Diagnostic Imaging Analysis Group, Medical Imaging Department, Radboud University Medical Center, Geert Grooteplein Zuid 10, 6525 GA, Nijmegen, the Netherlands.
Department of Medicine, Section of Pulmonary Medicine, Herlev-Gentofte Hospital, Hellerup, Denmark.
Eur Radiol. 2024 Oct;34(10):6639-6651. doi: 10.1007/s00330-024-10714-7. Epub 2024 Mar 27.
To investigate the effect of uncertainty estimation on the performance of a Deep Learning (DL) algorithm for estimating malignancy risk of pulmonary nodules.
In this retrospective study, we integrated an uncertainty estimation method into a previously developed DL algorithm for nodule malignancy risk estimation. Uncertainty thresholds were developed using CT data from the Danish Lung Cancer Screening Trial (DLCST), containing 883 nodules (65 malignant) collected between 2004 and 2010. We used thresholds on the 90th and 95th percentiles of the uncertainty score distribution to categorize nodules into certain and uncertain groups. External validation was performed on clinical CT data from a tertiary academic center containing 374 nodules (207 malignant) collected between 2004 and 2012. DL performance was measured using area under the ROC curve (AUC) for the full set of nodules, for the certain cases and for the uncertain cases. Additionally, nodule characteristics were compared to identify trends for inducing uncertainty.
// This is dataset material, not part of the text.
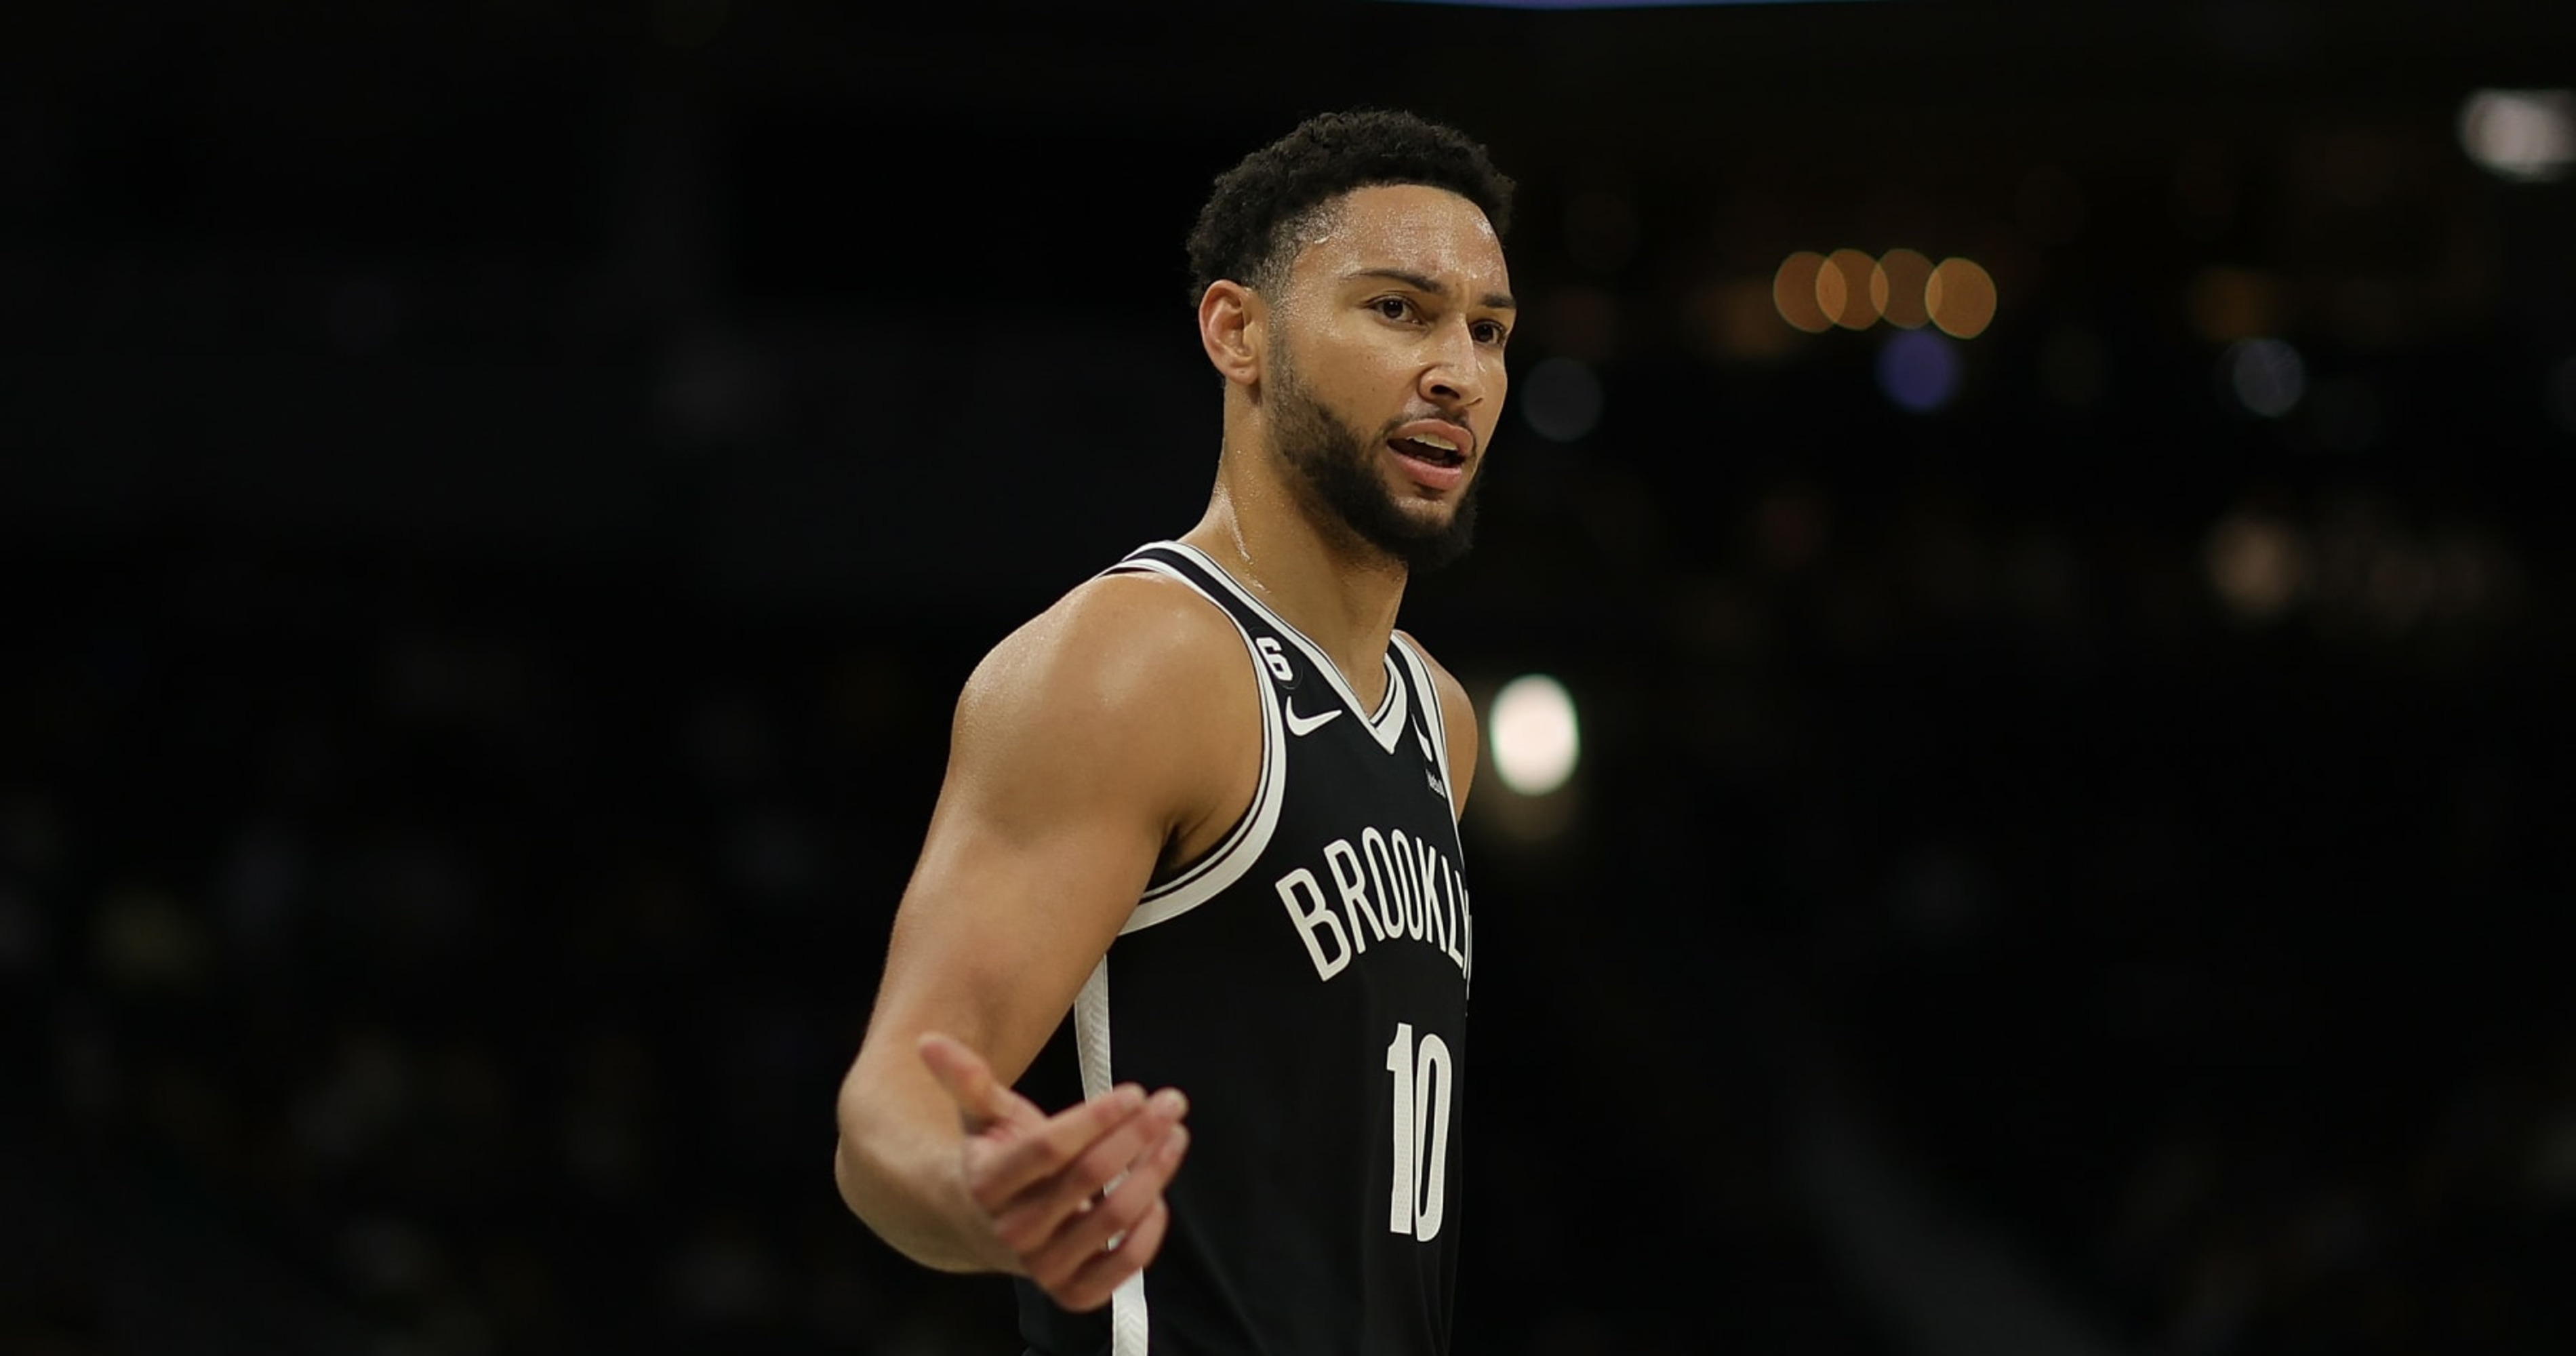 Philly Fans Can't Wait To Show Ben Simmons Some 'Brotherly Love' During  Thursday's Sixers-Nets Game - CBS Philadelphia

The DL algorithm performed significantly worse in the uncertain group compared to the certain group of DLCST (AUC 0.62 (95% CI: 0.49, 0.76) vs 0.93 (95% CI: 0.88, 0.97); p < .001) and the clinical dataset (AUC 0.62 (95% CI: 0.50, 0.73) vs 0.90 (95% CI: 0.86, 0.94); p < .001). The uncertain group included larger benign nodules as well as more part-solid and non-solid nodules than the certain group.
The integrated uncertainty estimation showed excellent performance for identifying uncertain cases in which the DL-based nodule malignancy risk estimation algorithm had significantly worse performance.
Deep Learning algorithms often lack the ability to gauge and communicate uncertainty. For safe clinical implementation, uncertainty estimation is of pivotal importance to identify cases where the deep learning algorithm harbors doubt in its prediction.
• Deep learning (DL) algorithms often lack uncertainty estimation, which potentially reduce the risk of errors and improve safety during clinical adoption of the DL algorithm. • Uncertainty estimation identifies pulmonary nodules in which the discriminative performance of the DL algorithm is significantly worse. • Uncertainty estimation can further enhance the benefits of the DL algorithm and improve its safety and trustworthiness.
探究不确定性估计对用于估计肺结节恶性风险的深度学习(DL)算法性能的影响。
在这项回顾性研究中,我们将不确定性估计方法集成到之前开发的用于结节恶性风险估计的 DL 算法中。不确定性阈值是使用来自丹麦肺癌筛查试验(DLCST)的 CT 数据开发的,该试验于 2004 年至 2010 年间收集了 883 个结节(65 个恶性)。我们使用不确定性得分分布的第 90 和 95 百分位的阈值将结节分为确定和不确定组。外部验证是在 2004 年至 2012 年间在一个三级学术中心的临床 CT 数据上进行的,共包含 374 个结节(207 个恶性)。使用整个结节、确定病例和不确定病例的受试者工作特征曲线(ROC)下面积(AUC)来衡量 DL 性能。此外,还比较了结节特征,以确定导致不确定性的趋势。
与 DLCST 的确定组相比,DL 算法在不确定组中的表现明显更差(AUC 0.62(95%CI:0.49,0.76)vs 0.93(95%CI:0.88,0.97);p <.001)和临床数据集(AUC 0.62(95%CI:0.50,0.73)vs 0.90(95%CI:0.86,0.94);p <.001)。不确定组中良性结节较大,部分实性和非实性结节也较确定组多。
集成的不确定性估计对于识别不确定病例表现出色,在这些病例中,基于 DL 的结节恶性风险估计算法的性能明显更差。
深度学习算法通常缺乏评估和交流不确定性的能力。为了安全地临床应用,不确定性估计对于识别深度学习算法对其预测存在怀疑的病例至关重要。
深度学习(DL)算法通常缺乏不确定性估计,这可能会降低错误风险,并提高 DL 算法在临床应用中的安全性。
不确定性估计可识别出 DL 算法的判别性能明显更差的肺结节。
不确定性估计可以进一步提高 DL 算法的效益,并提高其安全性和可信度。